A tiny blonde, Bella reminded him of a voluptuous Disney fairy with her big blue eyes and perky attitude. Bella always wore the same expression, like he’d handed her a winning lottery ticket just by being here. “So nice to see you again. How is your mother?”
“She’s good.”
He settled his weight on one leg and waded through her usual hi-how-are-ya ritual. Bella stuck to it with a sort of religious reverence. One by one she would go through each member of the family and ask. Wherever and whenever they met up. It was a little annoying, but kindly meant. It actually seemed as if she cared, because she certainly listened closely enough to the answer. Thank God, there weren’t as many Evans kids as the Barrowses. Nine of them, at last count, and it looked like Mrs. Barrows had number ten beneath the hood.
“And Nate?” Bella went a little pinker around the cheeks at the mention of his middle brother. Nate had his pick of women, was knee-deep in them with his position as sheriff. It didn’t hurt that he was the family pretty boy, either.
“Actually, he sends his regards.” It was wrong on so many levels, but he could never resist. Nate would find himself facing one of Bella’s pink casserole dishes before the end of the day. Honey sweet as she was, Bella needed to hang up her apron, for the safety of stomach linings everywhere.
“And Isaac?”
“He’s good.” Telling Bella that Isaac was still thick as pig shit
wouldn’t go down well. Actually, Isaac was far from dumb. Isaac was . . . apathetic. It was as close as he could get to his youngest brother’s issue.
Bella’s face creased in a concerned frown. “Have you heard from Eric?”
“Nope, not lately.”
“I have.” Jo unfolded from a pink, round couch thing. All legs and arms, tall for a girl and graceful. Not that you would notice with the whole gothic grunge thing she had going on.
“You’ve heard from Eric?” The world must be heading straight into the sun.
Jo shrugged. “He called me this morning. He’s coming home for the wedding.”
“Really?” Matt stared at Jo, waiting for her to tell him he was being punked. “We’re talking about the same Eric here? Our brother, Eric. About my height, darker hair, a whole helluva lot uglier.”
A smile lit Jo’s face, and Bella giggled her twinkly, fairy laugh.
Damn, his sister was pretty when she smiled. She didn’t do it enough. Not even when her dickwad fiancé was around. A girl ought to smile a lot around the guy she was about to marry. Okay, he wasn’t a woman and most of the time barely understood what they were jawing about, but it seemed to him brides smiled a lot. They got this sort of glow thing. Jo didn’t glow. She seemed . . . resigned. Grim, even. He’d tried talking to her, but she stonewalled him the entire way. He was her brother, for God’s sake. How much help did she expect from her single brother who had barely enough sensitivity to walk into a dress shop without wanting to run for his life?
Maybe he should try and get Mom to see if she could figure out what was going on with Jo.
Phenomenally stupid idea. So stupid it made the skin of his nape crawl. His mother and Jo in the same room, unsupervised, and talking about feelings? Sweet Jesus!

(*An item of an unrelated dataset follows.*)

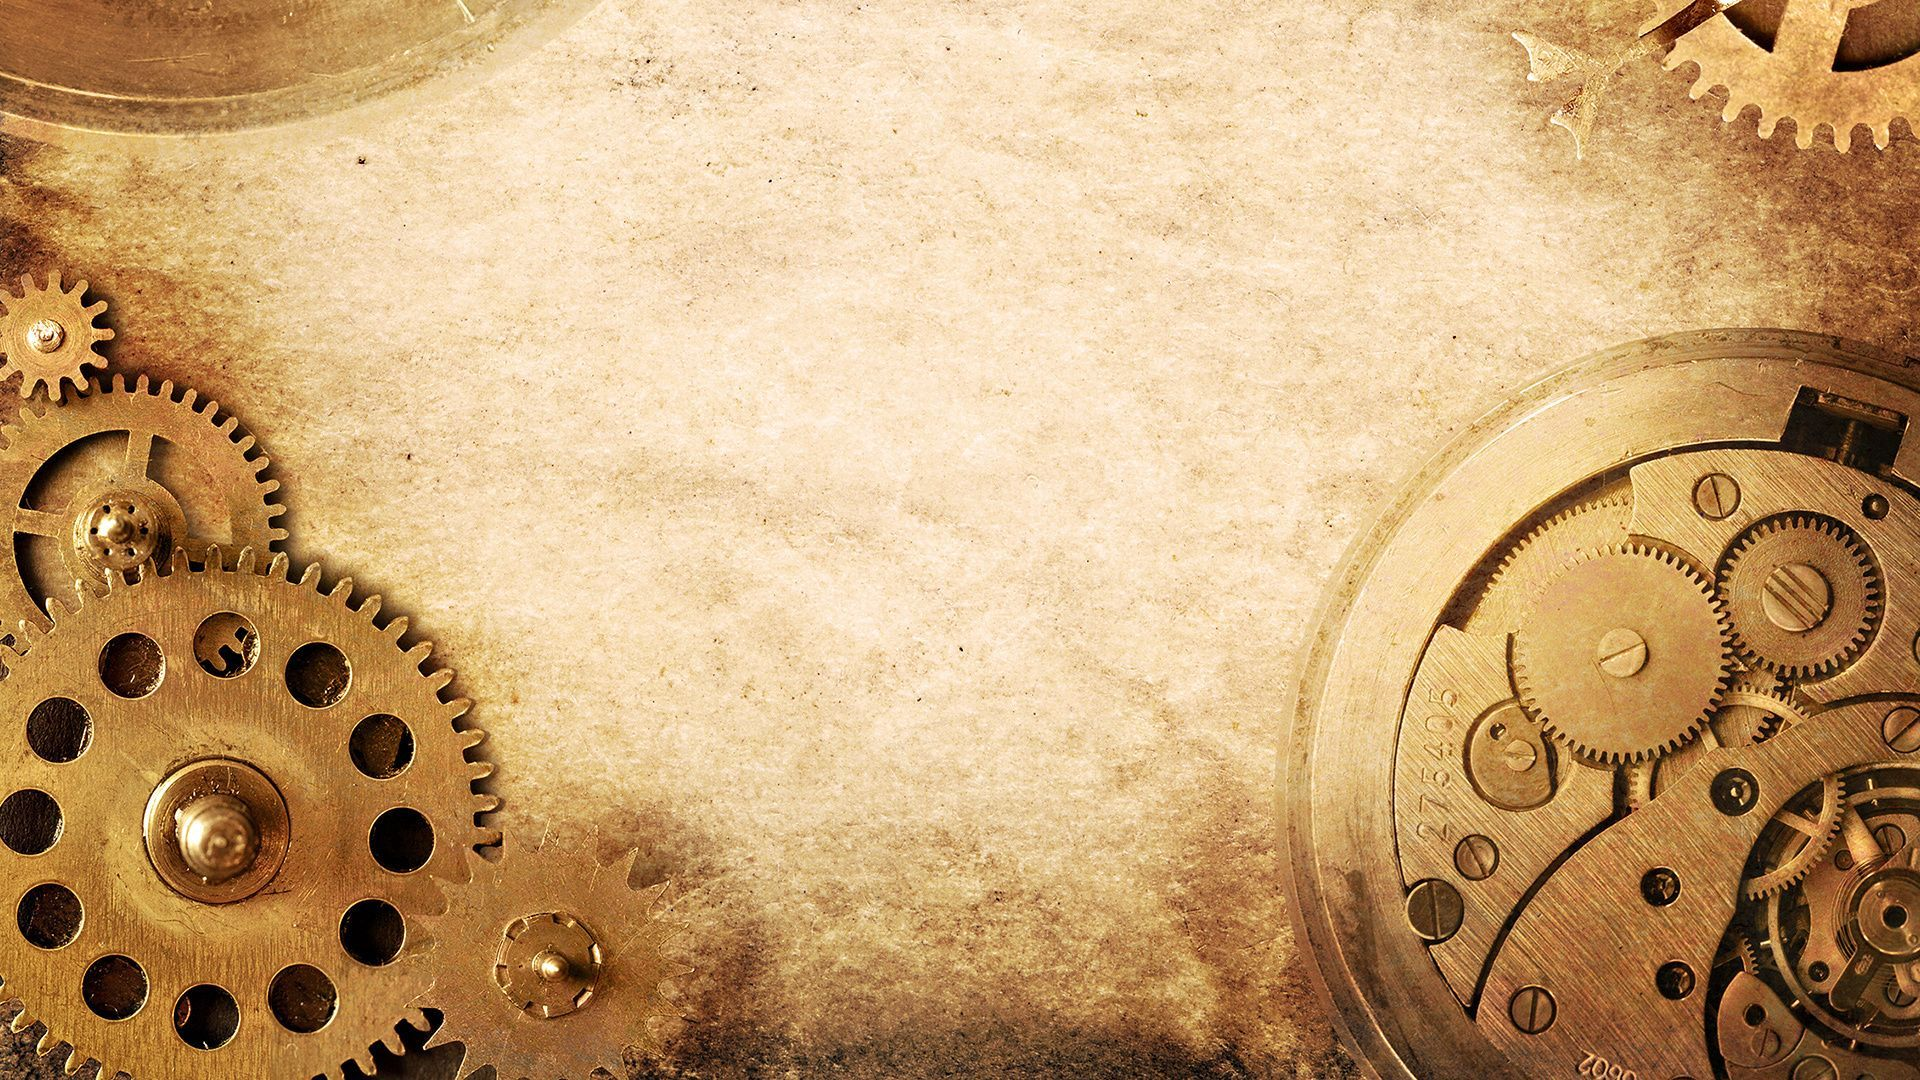 Free Download Of Original Technologies Of Gear Clockwork Watch Stimp

“Okay.” He smacked a grin onto his face. Jo was getting married. Happiest day of her life and all that. She deserved somebody here looking enthusiastic and he was all she had. Poor kid. “Let’s get you a dress. How do we do this?”
Bella giggled and slapped him on the arm. “Jo has already picked out her favorites. All you have to do is sit over there and tell her what you think.”